::: Collected data :::

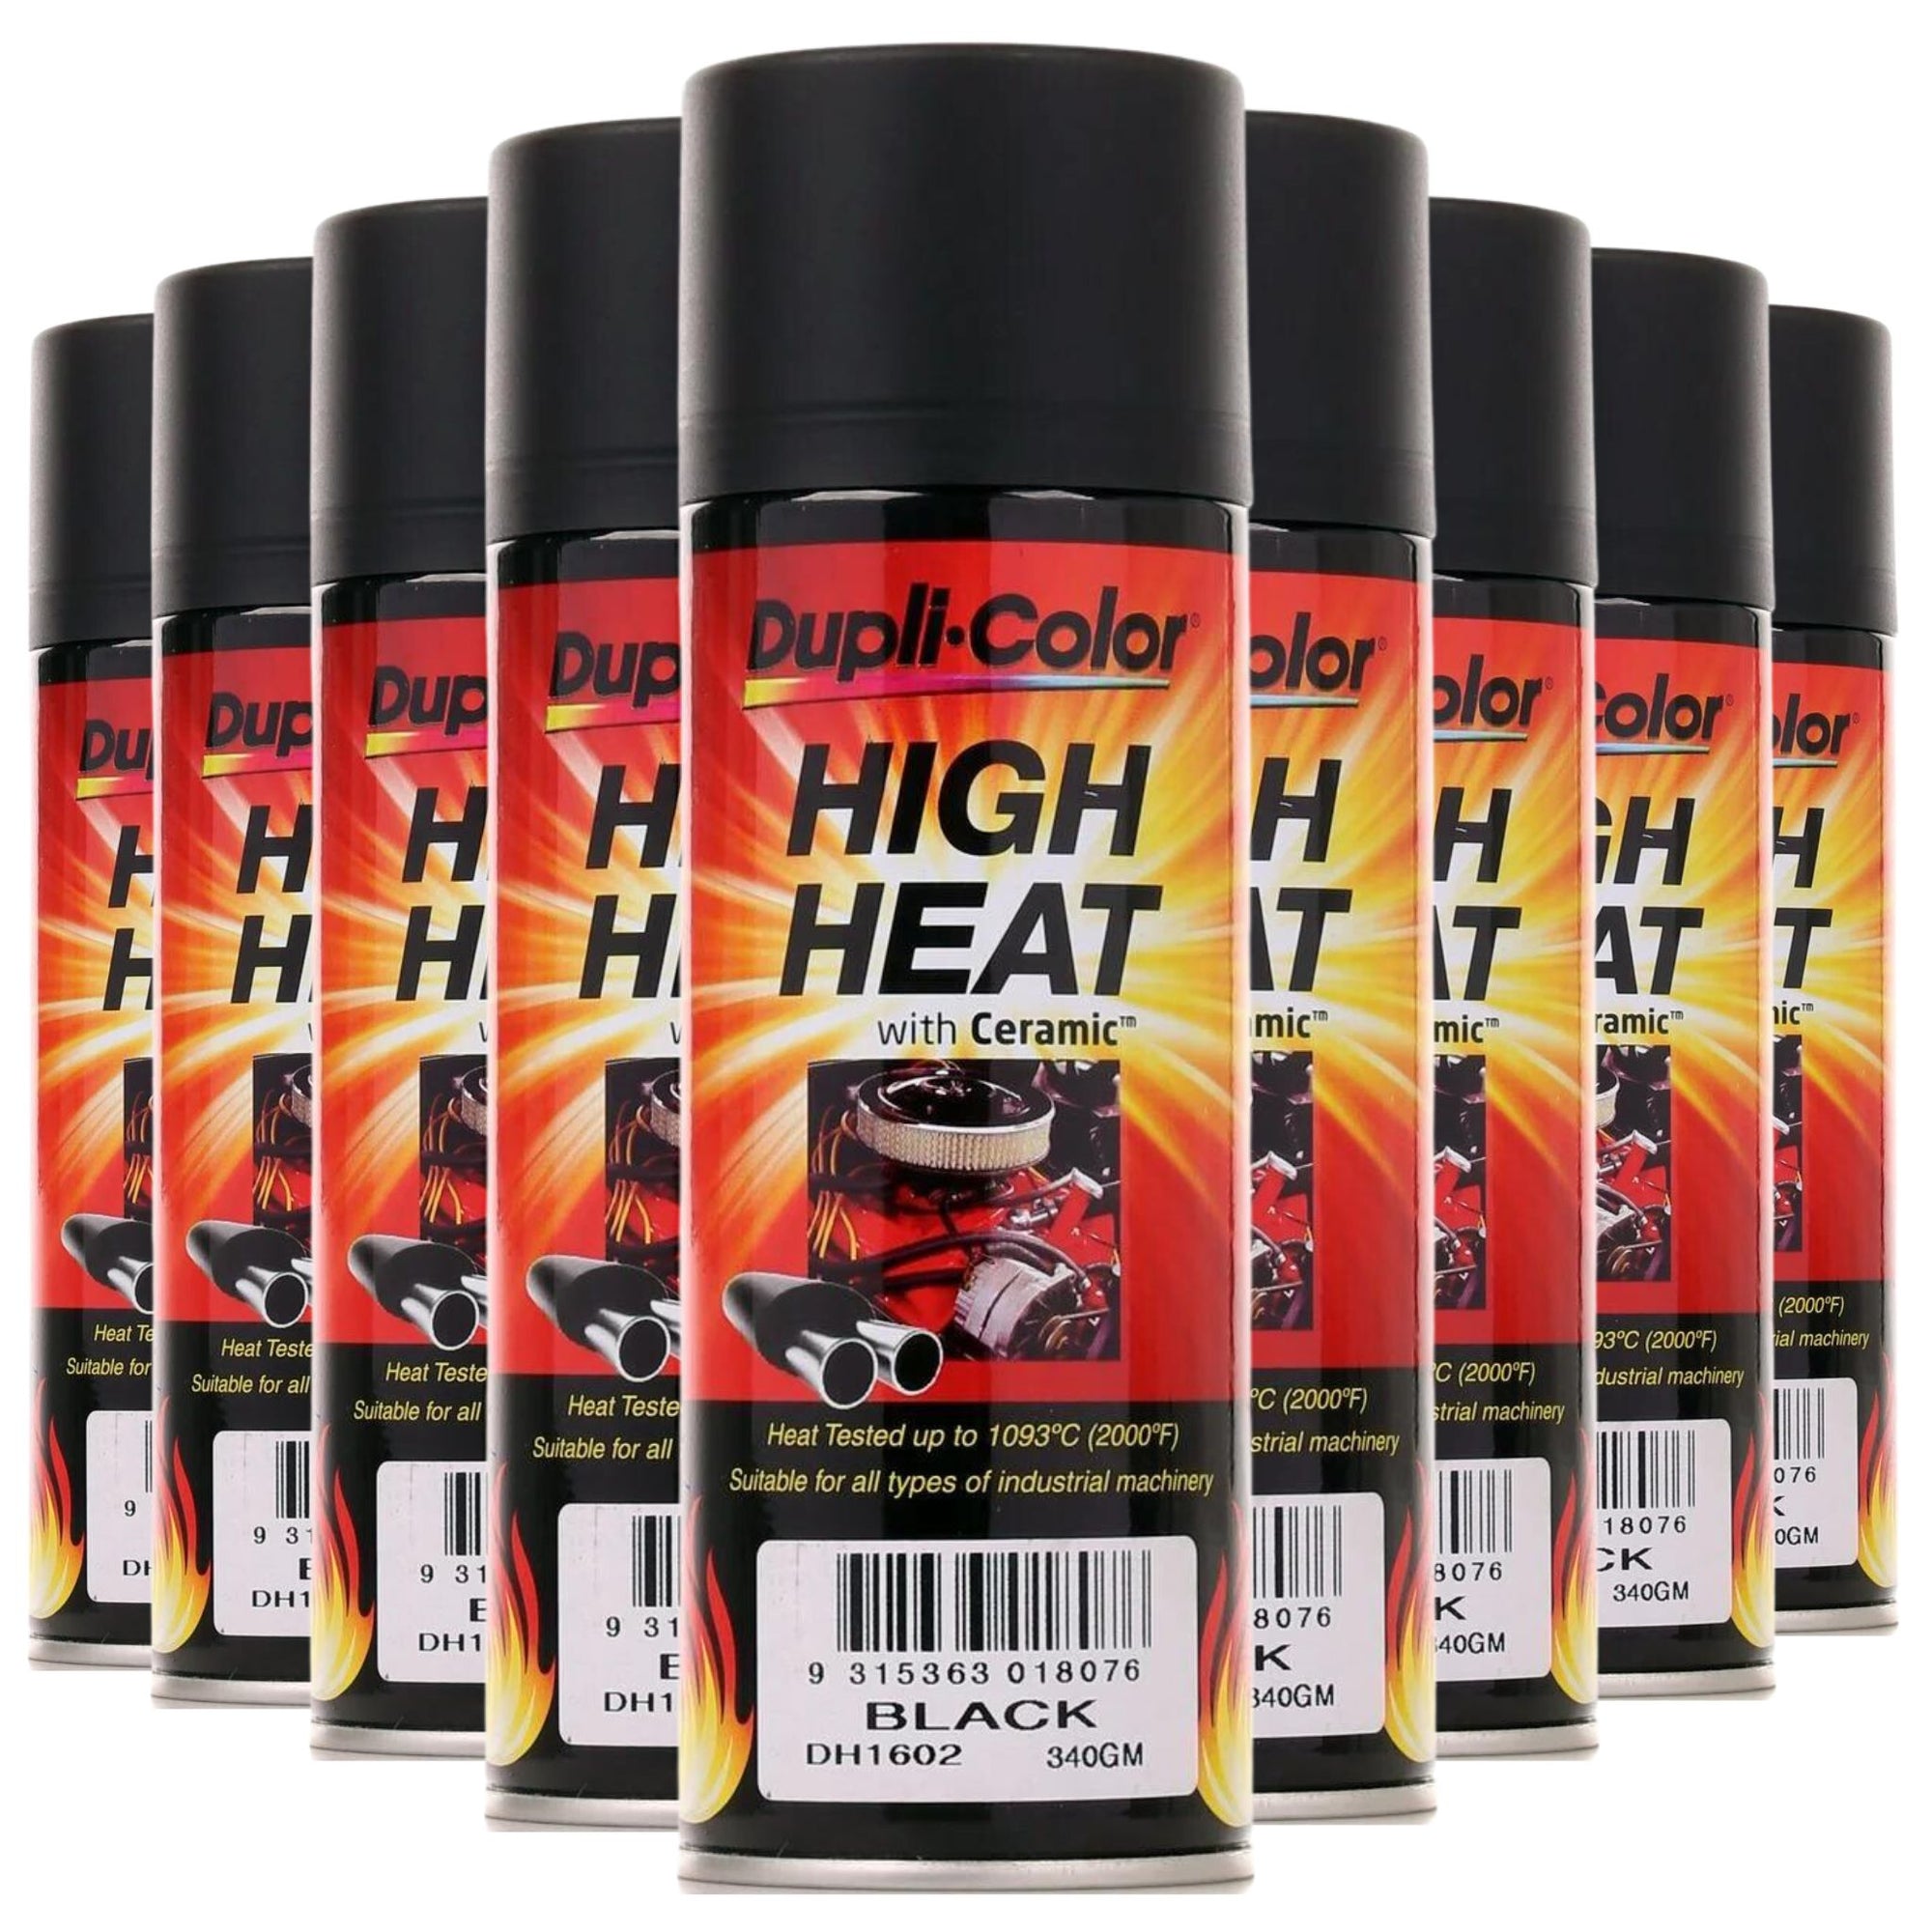 Dupli-Color High Heat Ceramic Paint Black 340g - DH1602 Bulk 12 Pack - South East Clearance Centre
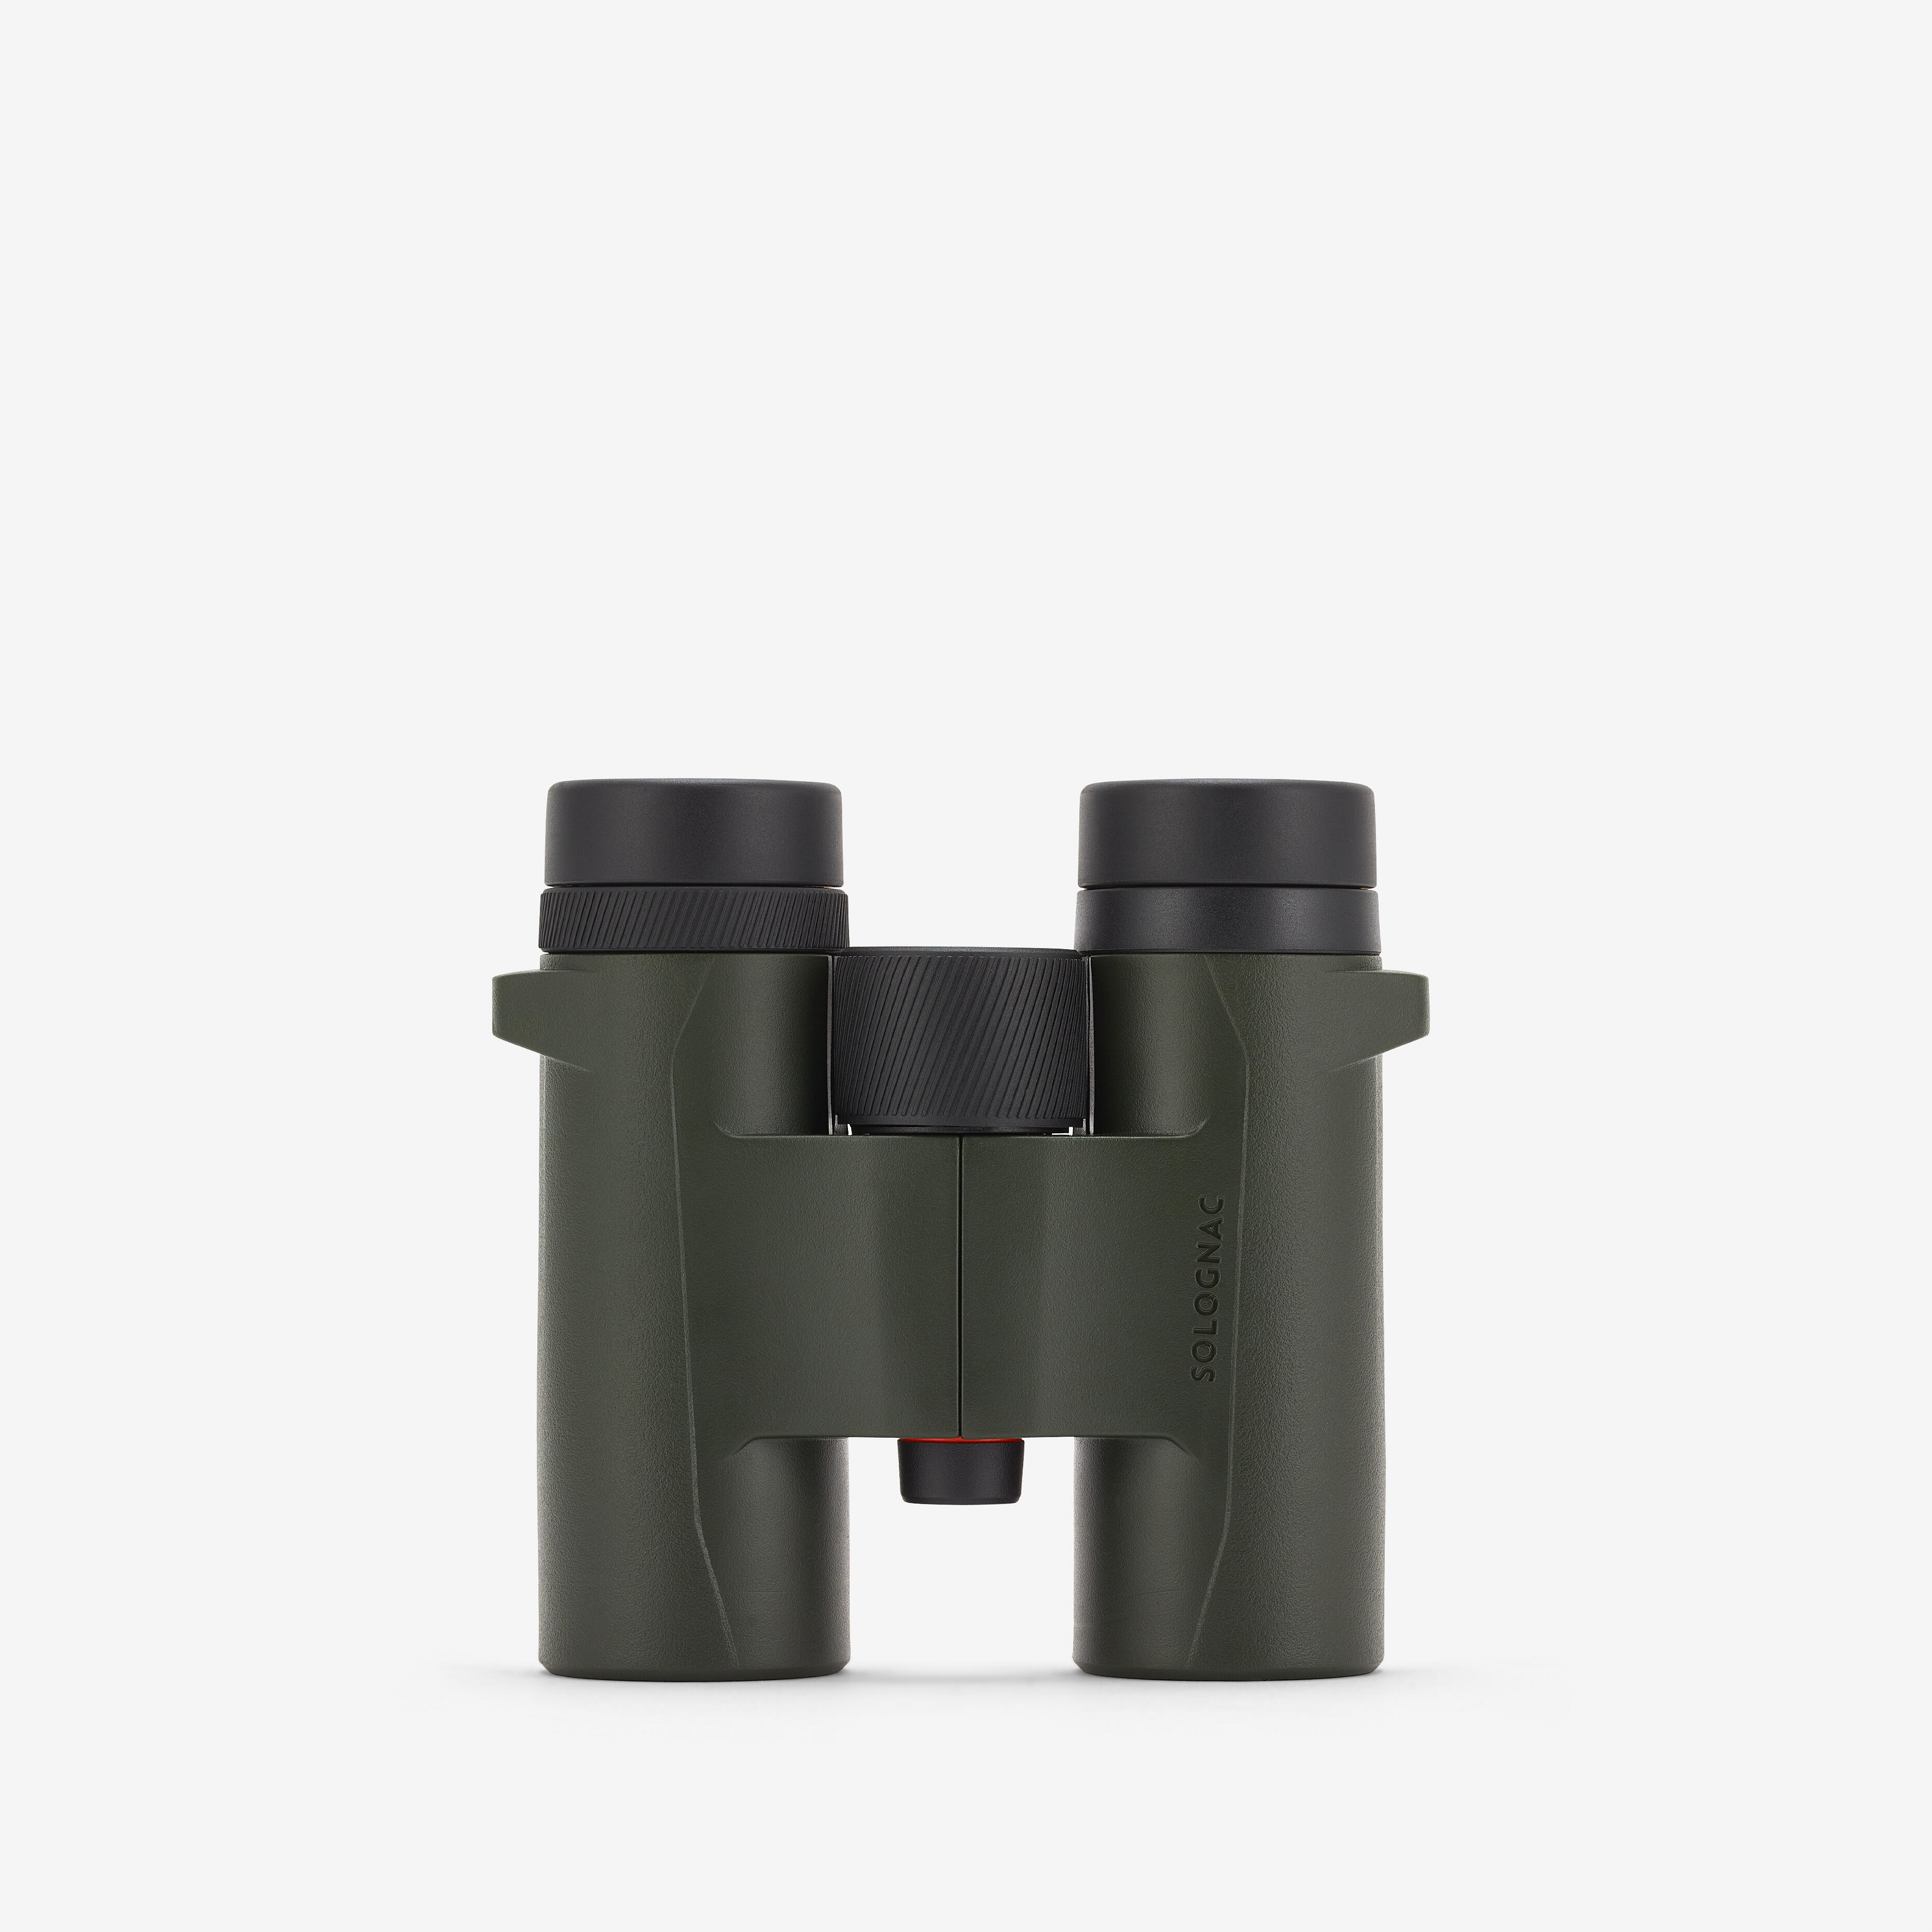 500 hunting binoculars
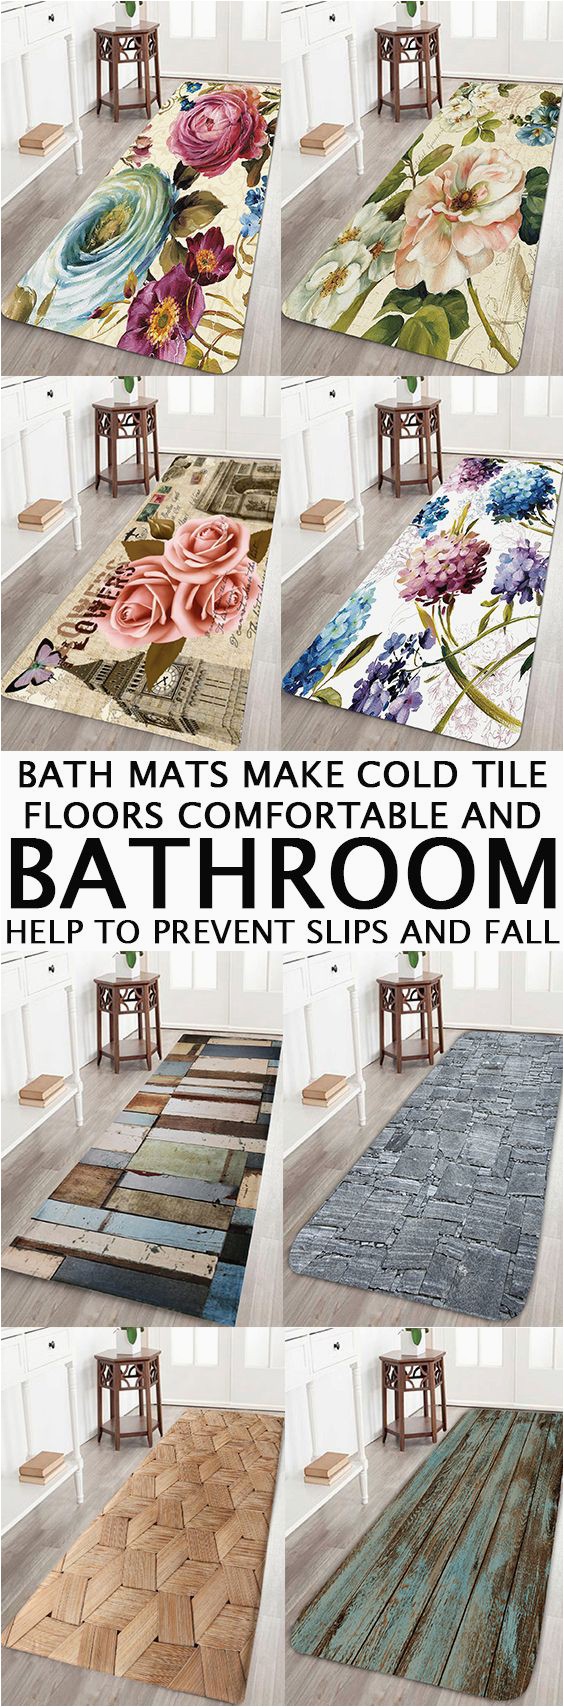 Fall Bathroom Rug Sets Bath Rugs are Essential Bath Mats Make Cold Tile Floors
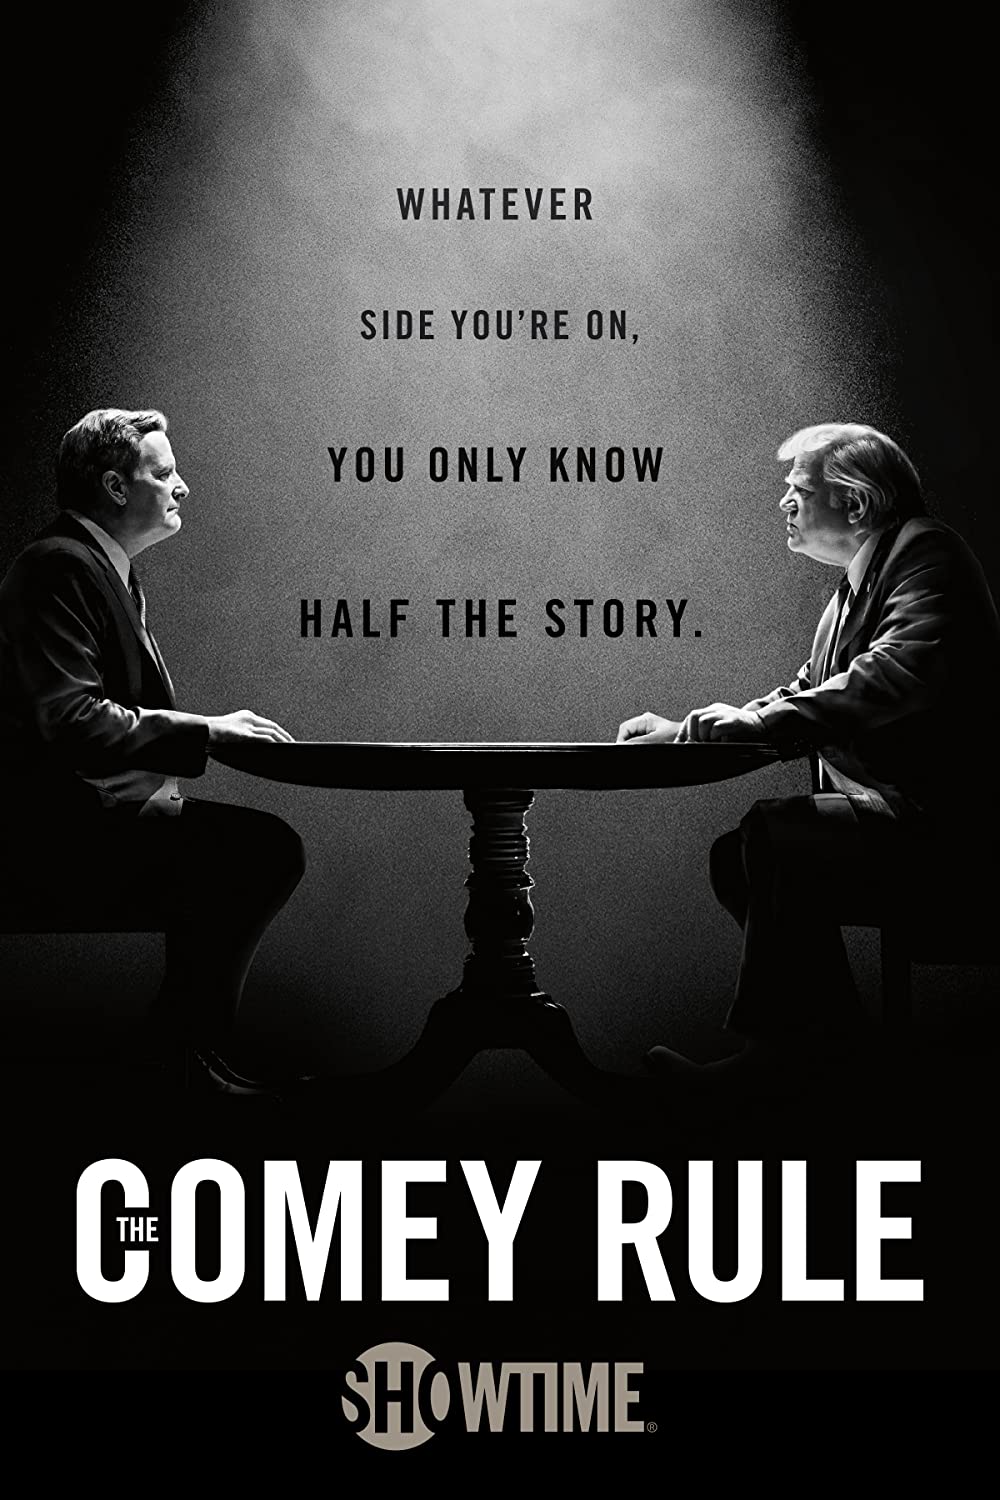 Filmbeschreibung zu The Comey Rule

:::

From the line containing "500 hunting binoculars" through the last line of the data above, write out every line word for word, and nothing else. Do not include the pictures.

 500 hunting binoculars
 Fall Bathroom Rug Sets Bath Rugs are Essential Bath Mats Make Cold Tile Floors
 Filmbeschreibung zu The Comey Rule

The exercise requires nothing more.